Fig. 1 is a block diagram of an infrared-visible light fusion recognition system based on modal difference feature guidance according to an embodiment of the present invention;

fig. 2 is a schematic structural diagram of an infrared-visible light fusion recognition system based on modal difference feature guidance according to an embodiment of the present invention;

fig. 3 is a schematic structural diagram of a modal difference guiding subunit according to an embodiment of the present invention;

fig. 4 is a schematic working process diagram of an infrared-visible light fusion recognition system based on modal difference feature guidance according to an embodiment of the present invention.

Detailed Description

To further illustrate the technical means and effects of the present invention adopted to achieve the predetermined objects, the following describes in detail an infrared-visible light fusion recognition system and method based on modal difference feature guidance according to the present invention with reference to the accompanying drawings and the detailed description.

The foregoing and other technical matters, features and effects of the present invention will be apparent from the following detailed description of the embodiments, which is to be read in connection with the accompanying drawings. The technical means and effects of the present invention adopted to achieve the predetermined purpose can be more deeply and specifically understood through the description of the specific embodiments, however, the attached drawings are provided for reference and description only and are not used for limiting the technical scheme of the present invention.

It is noted that, herein, relational terms such as first and second, and the like may be used solely to distinguish one entity or action from another entity or action without necessarily requiring or implying any actual such relationship or order between such entities or actions. Also, the terms "comprises," "comprising," or any other variation thereof, are intended to cover a non-exclusive inclusion, such that an article or device that comprises a list of elements does not include only those elements but may include other elements not expressly listed. Without further limitation, an element defined by the phrase "comprising an … …" does not exclude the presence of additional like elements in the article or device comprising the element.

Example one

Referring to fig. 1 and fig. 2, fig. 1 is a block diagram of an infrared-visible light fusion recognition system based on modal difference feature guidance according to an embodiment of the present invention; fig. 2 is a schematic structural diagram of an infrared-visible light fusion recognition system based on modal difference feature guidance according to an embodiment of the present invention. The infrared visible light fusion recognition system comprises a double-current backbone network module 1, an illumination heat sensing module 2 and a cascade region proposing module 3. The dual-current backbone network module 1 comprises an infrared feature extraction unit 11, a visible light feature extraction unit 12 and a feature guide unit 13, wherein the infrared feature extraction unit 11 is used for acquiring infrared features of different scales of an original infrared image, and the visible light feature extraction unit 12 is used for acquiring visible light features of different scales of a visible light image in the same scene as the original infrared image; the feature guiding unit 13 is configured to fuse and weight the infrared features and the visible light features of the current scale to obtain weighted infrared features and weighted visible light features, so as to cross-guide formation of the infrared features and the visible light features of the next scale in the infrared feature extracting unit 11 and the visible light feature extracting unit 12.

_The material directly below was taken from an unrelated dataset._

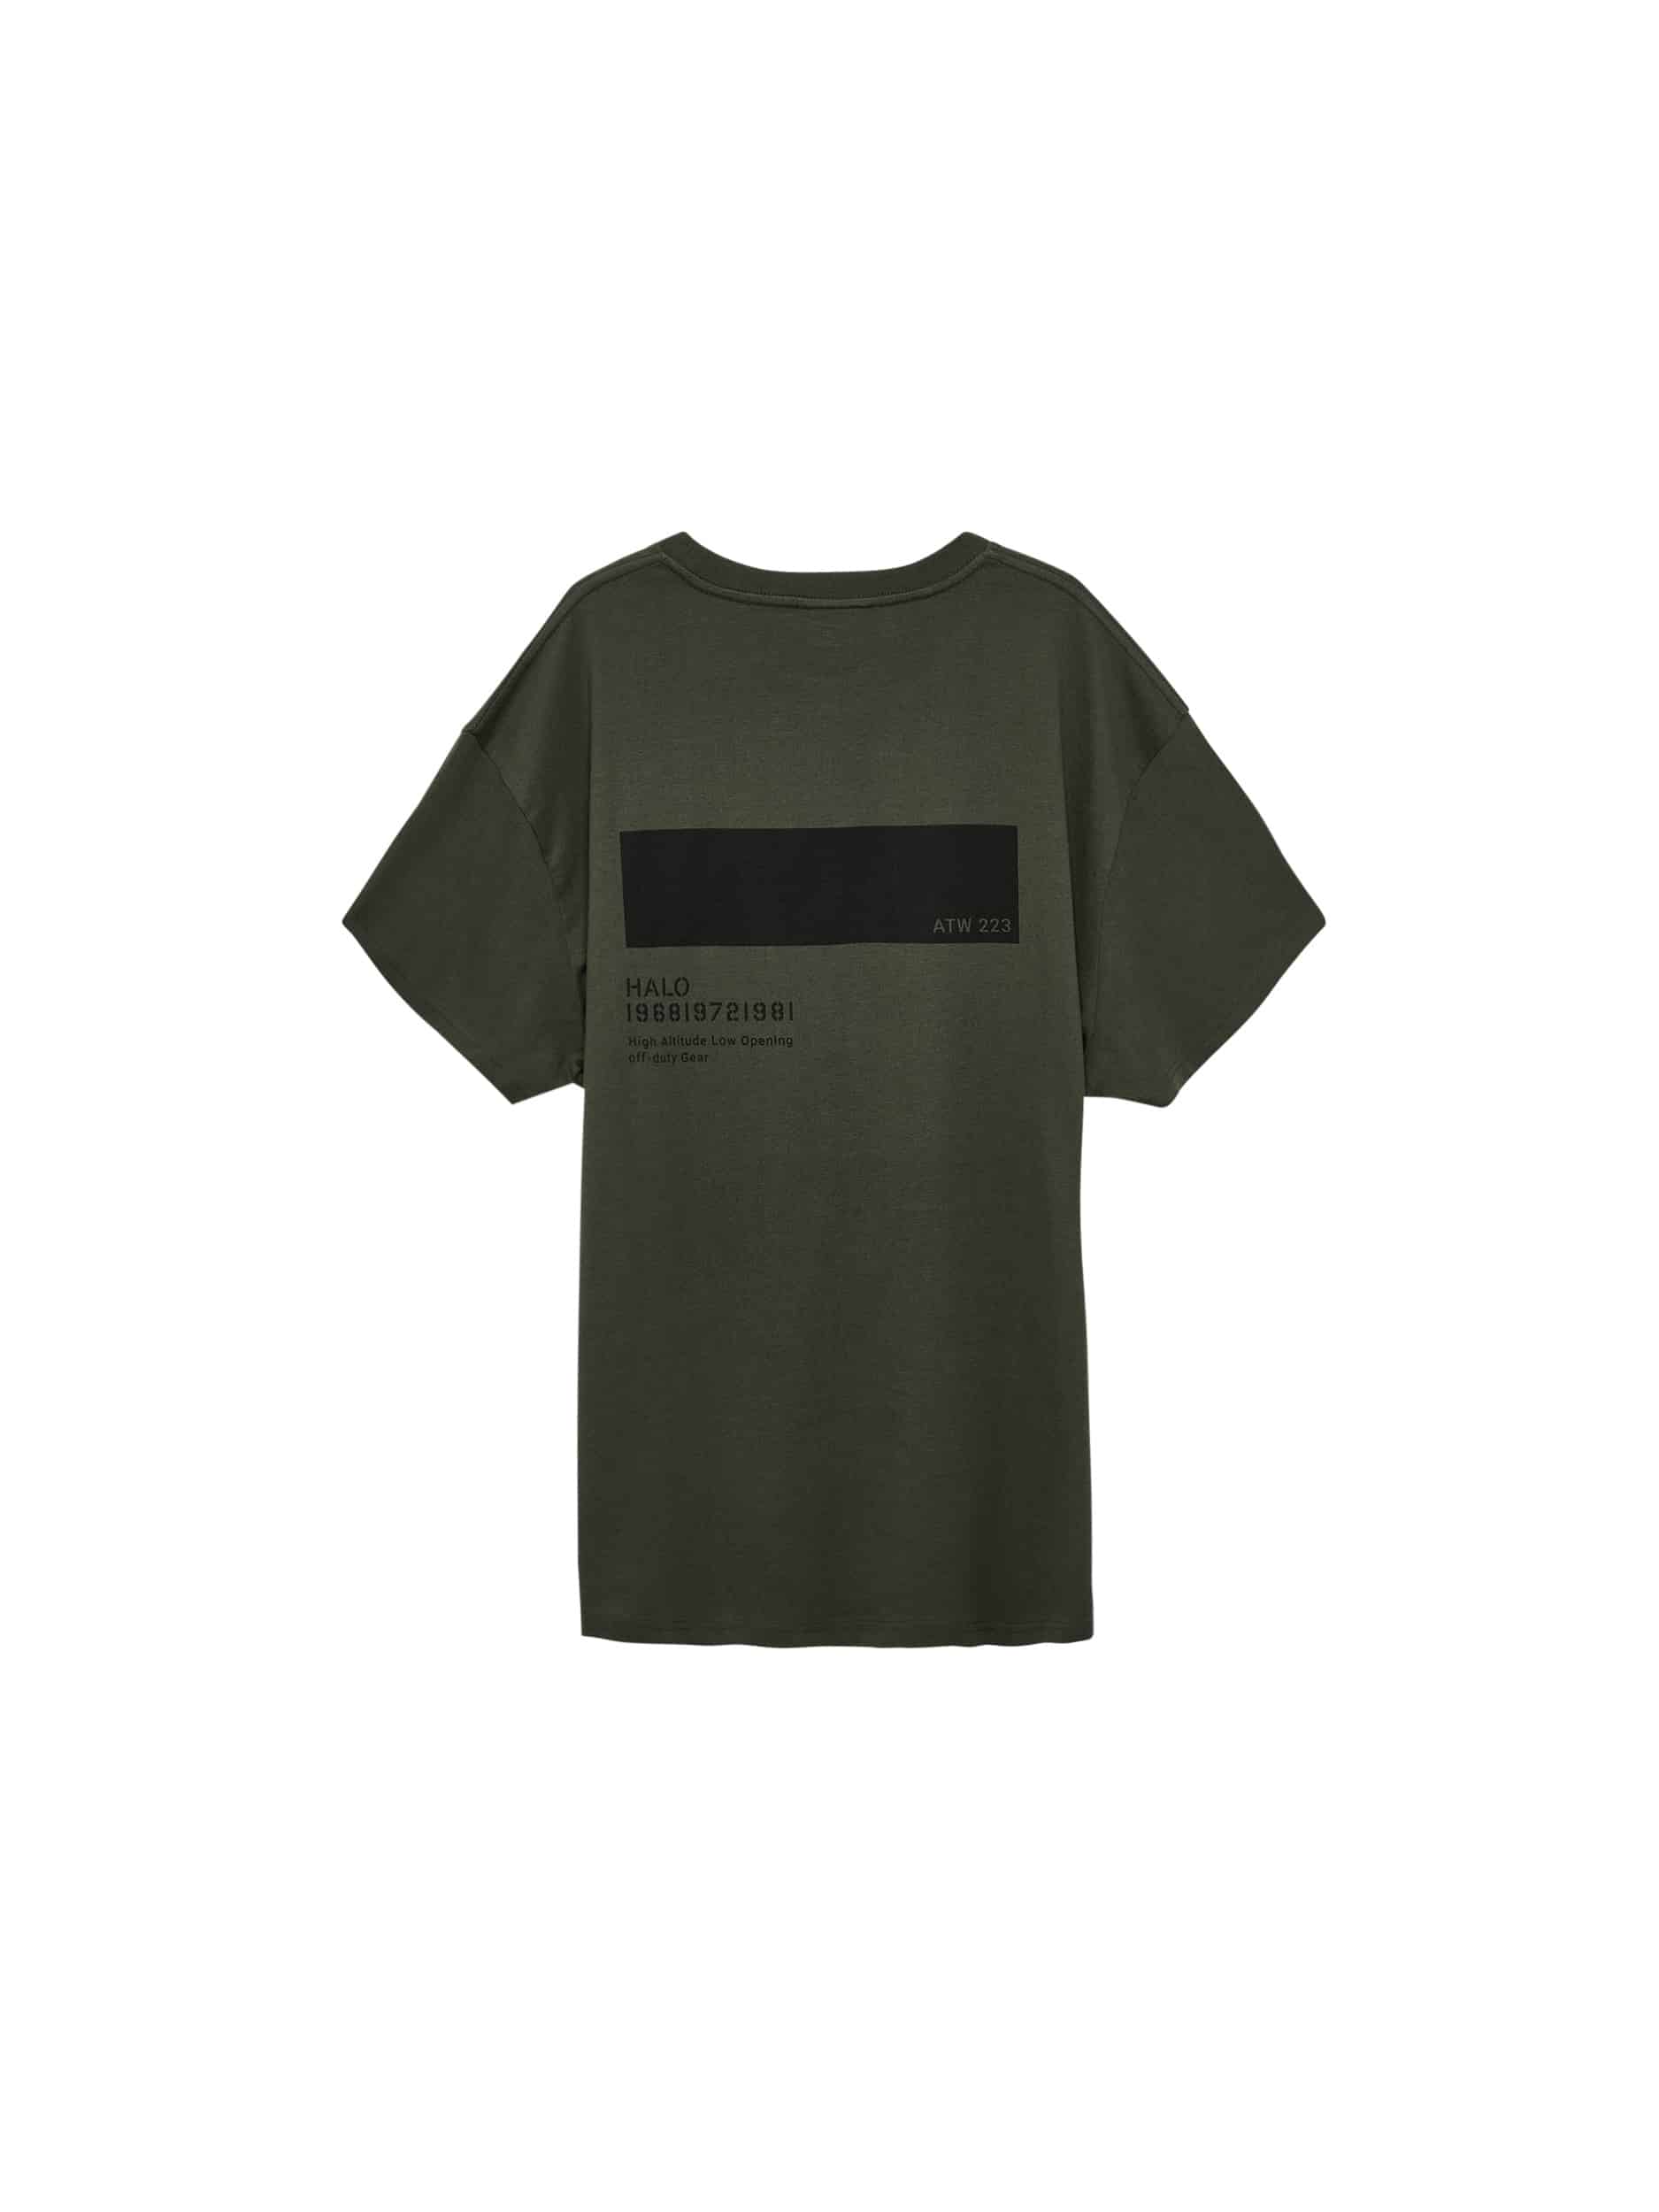 HALO Graphic T-Shirt - Forest Night Back

The illumination heat sensing module 2 is used for obtaining a reliability weight of the visible light characteristic and a reliability weight of the infrared characteristic according to the image heat value of the original infrared image and the image illumination value of the original visible light image; the cascade region proposing module 3 is used for obtaining the identification result of the target according to the infrared features of different scales, the visible light features of different scales, the reliability weight of the visible light features and the reliability weight of the infrared features.

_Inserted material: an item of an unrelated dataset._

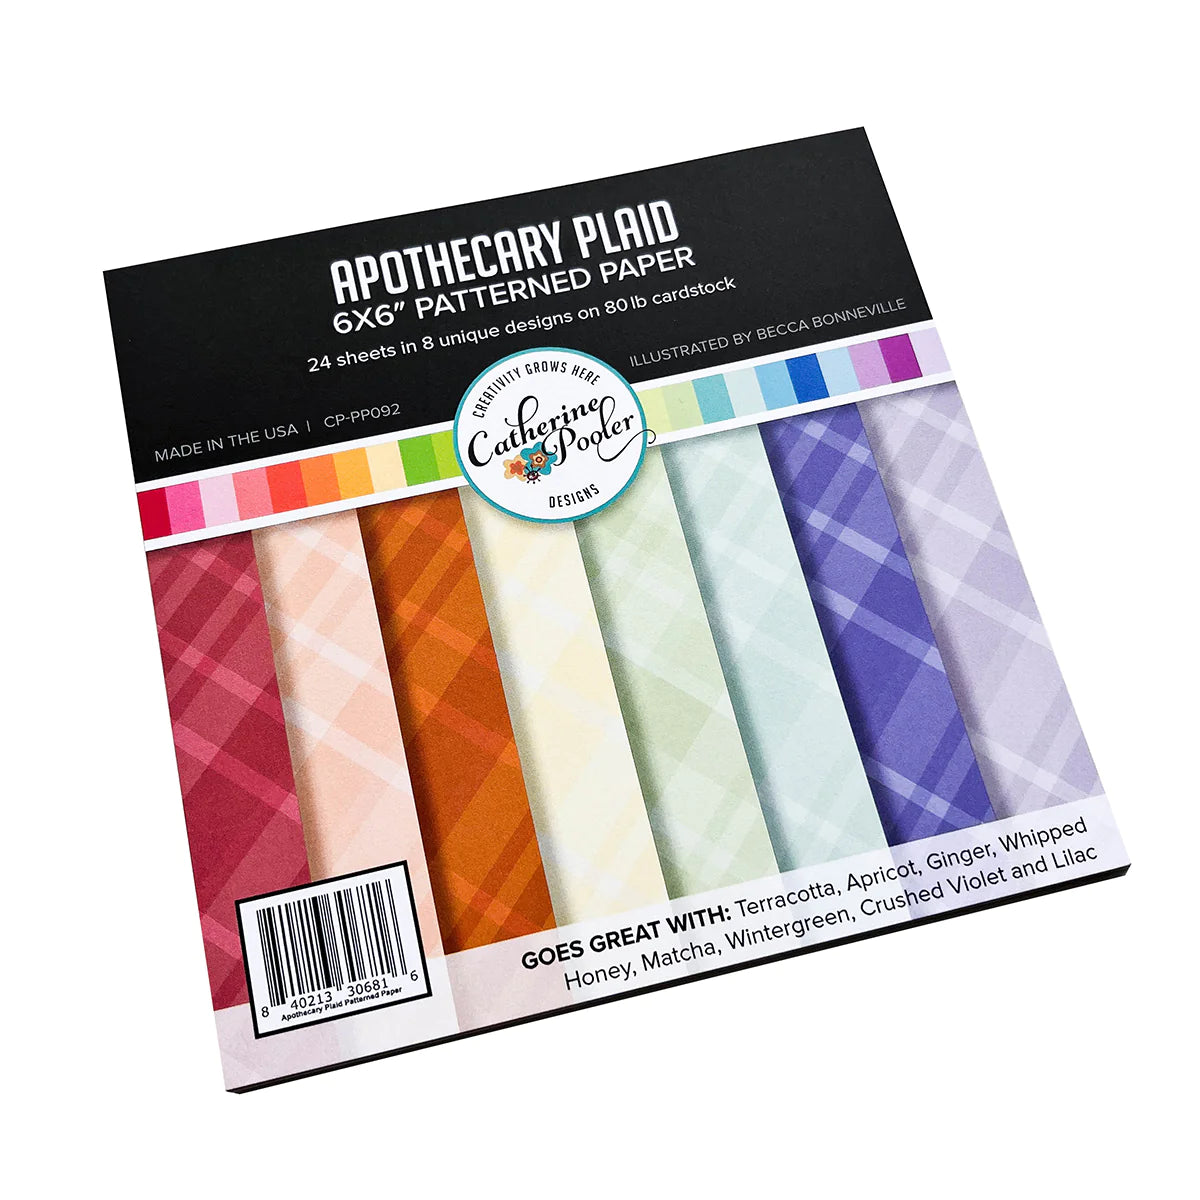 Apothecary Plaid 6"x6" Patterned Paper

Further, the infrared feature extraction unit 11 in the dual-flow backbone network module 1 includes a plurality of cascaded infrared feature extraction convolution layers to obtain infrared features of different scales, and the visible light feature extraction unit 12 includes a plurality of cascaded visible light feature extraction units to obtain visible light features of different scales. The feature guiding unit 13 includes a plurality of cascaded modal difference guiding subunits, where the modal difference guiding subunit obtains a weighted infrared feature, a weighted visible light feature, and an infrared-visible light fusion vector by using the infrared feature and the visible light feature of the current scale and the infrared-visible light fusion vector obtained by the previous modal difference guiding subunit, transmits the weighted infrared feature to the visible light feature extraction unit of the next scale, and transmits the weighted visible light feature to the infrared feature extraction unit of the next scale, so as to guide the formation of the infrared feature and the visible light feature of the next scale in the infrared feature extraction unit and the visible light feature extraction unit; and transmitting the infrared-visible light fusion vector to a next modal difference guiding subunit.

Further, referring to fig. 3, the modal difference guiding subunit is specifically configured to:

fusing the current visible light characteristic, the current infrared characteristic and the visible light infrared fusion characteristic output by the previous mode difference guide subunit, and performing characteristic separation through three parallel 3 × 3 convolution layers to obtain the visible light characteristic, the infrared characteristic and the visible light infrared fusion characteristic comprising more semantic information; and then, obtaining a weight value corresponding to the current visible light characteristic and the current infrared characteristic by using a Sigmoid activation function, thereby forming a weighted visible light characteristic and a weighted infrared characteristic.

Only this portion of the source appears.